Spark SQL external DataSource external Data source (a) example

Last Update:2014-12-22 Source: Internet

Author: User

Developer on Alibaba Coud: Build your first app with APIs, SDKs, and tutorials on the Alibaba Cloud. Read more ＞

I. Introduction to Spark SQL External datasource

With the release of Spark1.2, Spark SQL began to formally support external data sources. Spark SQL opens up a series of interfaces for accessing external data sources to enable developers to implement them.

This allows spark SQL to support more types of data sources, such as JSON, Parquet, Avro, and CSV formats. As long as we want, we can develop arbitrary external data sources to connect to spark SQL. Previously, the support Hbase,cassandra can be seamlessly integrated using external data sources.

(Ps: About external DataSource Source parsing chapter, please move to: Spark SQL external DataSource external data source (ii) source analysis http://blog.csdn.net/oopsoom/article/ details/42064075)

Second, External DataSource

Take Spark1.2 JSON as an example, it supports the interface that has been changed to implement an external data source. So in addition to the previous API that we manipulate JSON, there is a way for DDL to create an external data source.

The operation of the parquetfile is similar to the following, it is not listed.

2.1 SQL Mode CREATE temporary TABLE USING OPTIONS

After Spark1.2, a table that creates an external data source is supported by the DDL syntax for create temporary table USING options.

CREATE Temporary TABLE jsontableusing org.apache.spark.sql.jsonOPTIONS (  path '/path/to/data.json ')

1. Operation Example:

Let's take example down the People.json file to do an example.

shengli-mac$ cat/users/shengli/git_repos/spark/examples/src/main/resources/people.json{"name": "Michael"} {"Name" : "Andy", "Age": 30}{"name": "Justin", "Age": 19}

2. DDL create external Data source table jsontable:

14/12/21 16:32:14 INFO repl. sparkiloop:created Spark context. Spark context available as sc.scala> import Org.apache.spark.sql.SQLContextimport org.apache.spark.sql.sqlcontextscala> val sqlcontext = new SqlContext (SC) SqlContext: Org.apache.spark.sql.SQLContext = [email protected]scala> Import Sqlcontext._import sqlcontext._// Create a jsontable external data source table, and specify that its number data source file is People.json this JSON file, and also specify an implicit conversion class that uses Org.apache.spark.sql.json that type (this follow-up article describes) scala> Val Jsonddl = S "" "| | CREATE Temporary TABLE jsontable | | USING Org.apache.spark.sql.json | | OPTIONS (| | path ' File:///Users/shengli/git_repos/spark/examples/src/main/resources/people.json ' | |) "". stripmarginjsonddl:string = "CREATE temporary TABLE jsontableusing org.apache.spark.sql.jsonOPTIONS (path ' File:///Use Rs/shengli/git_repos/spark/examples/src/main/resources/people.json ') "Scala> sqlContext.sql (JsonDDL). Collect ( )//Create the External Data source table JSONTABLE14/12/21 16:44:27 INFO Scheduler. Dagscheduler:job 0 Finished:reduce AT jsonrdd.scala:57, took 0.204461 sres0:array[org.apache.spark.sql.row] = Array ()

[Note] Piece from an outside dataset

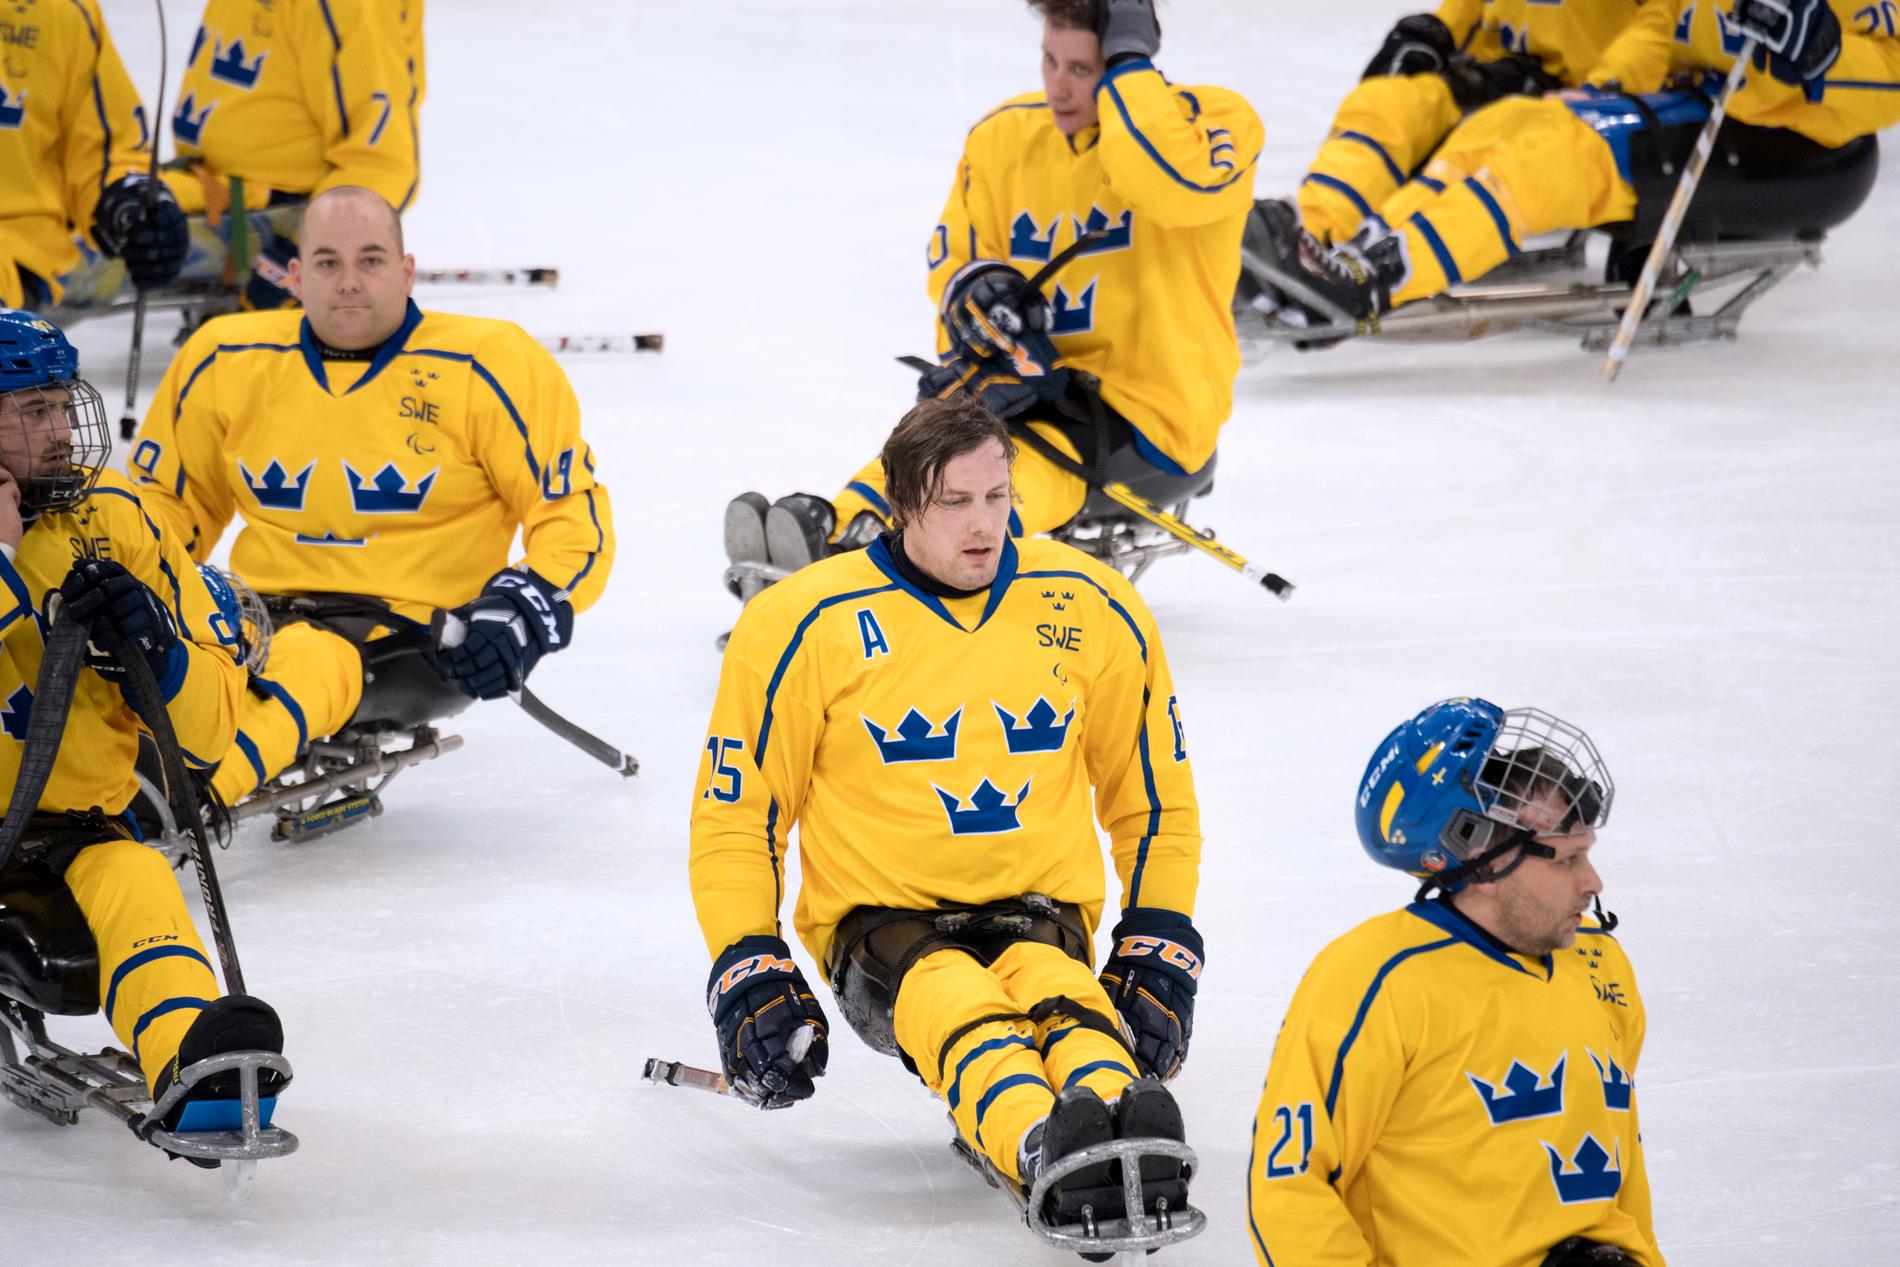 Sveriges kälkhockey-lag i Pyeongchang har inte vunnit en match hittills, och gör upp med Japan om sistaplatsen i hela Paralympics.

Let's take a look at the Schemardd:

scala> val jsonschema = Sqlcontext.sql (jsonddl) JsonSchema:org.apache.spark.sql.SchemaRDD = schemardd[7] at the RDD at Sch emardd.scala:108== Query Plan = = Physical Plan ==executedcommand (createtableusing jsontable, Org.apache.spark.sql.json, Map (Path-File:///Users/shengli/git_repos/spark/examples/src/main/resources/people.json))

Executedcommand to fetch the data in Spark.sql.json way from path to jsontable. Related to the class is createtableusing, follow-up source analysis will talk about.

Plan of implementation for each phase:

Scala> sqlcontext.sql ("SELECT * from Jsontable"). queryexecutionres6:org.apache.spark.sql.sqlcontext# Queryexecution = = = = Parsed Logical plan = = ' Project [*] ' unresolvedrelation None, jsontable, none== Analyzed Logical plan = =project [age#0,name#1] relation[age#0,name#1] Jsonrelation (file:///Users/shengli/git_repos/spark/examples/src/ main/resources/people.json,1.0) = = Optimized Logical Plan ==relation[age#0,name#1] Jsonrelation (file:///Users/ shengli/git_repos/spark/examples/src/main/resources/people.json,1.0) = = Physical Plan ==PhysicalRDD [age#0,name#1], MAPPARTITIONSRDD[27] at map at Jsonrdd.scala:47code generation:false== RDD = =

At this point, creating the load external data source to spark SQL has been completed.

We can use any of the ways we want to query:

3, SQL Query method:

Scala> sqlcontext.sql ("SELECT * from jsontable") 16:52:13 INFO Spark. Sparkcontext:created broadcast 6 from textfile at jsonrelation.scala:39res2:org.apache.spark.sql.schemardd = SchemaRDD At RDD at schemardd.scala:108== Query plan = physical plan ==physicalrdd [age#2,name#3], mappartitionsrdd[24] at M AP at jsonrdd.scala:47

To execute a query:

Scala> sqlcontext.sql ("SELECT * from Jsontable"). Collect () Res1:array[org.apache.spark.sql.row] = Array ([NULL, Michael], [30,andy], [19,justin])

2.2 API Mode

Sqlcontext.jsonfile

scala> val json = Sqlcontext.jsonfile ("file:///Users/shengli/git_repos/spark/examples/src/main/resources/ People.json ") scala> json.registertemptable (" jsonfile ") scala> SQL (" SELECT * from Jsonfile "). Collect () Res2: Array[org.apache.spark.sql.row] = Array ([Null,michael], [30,andy], [19,justin])

Iii. Summary

In general, Spark SQL is trying to get closer to a variety of data sources and wants spark SQL to integrate with many other types of data sources.

Spark SQL provides a DDL syntax for creating tables that load external data sources: Create temporary table USING OPTIONS

Spark SQL is open to a range of expansion interfaces that enable access to different data sources, such as Avro, CSV, Parquet,json, etc, by implementing these interfaces.

--the end--

Original articles, reproduced please specify from: http://blog.csdn.net/oopsoom/article/details/42061077

Spark SQL external DataSource external Data source (a) example

This article is an English version of an article which is originally in the Chinese language on aliyun.com and is provided for information purposes only. This website makes no representation or warranty of any kind, either expressed or implied, as to the accuracy, completeness ownership or reliability of the article or any translations thereof. If you have any concerns or complaints relating to the article, please send an email, providing a detailed description of the concern or complaint, to info-contact@alibabacloud.com. A staff member will contact you within 5 working days. Once verified, infringing content will be removed immediately.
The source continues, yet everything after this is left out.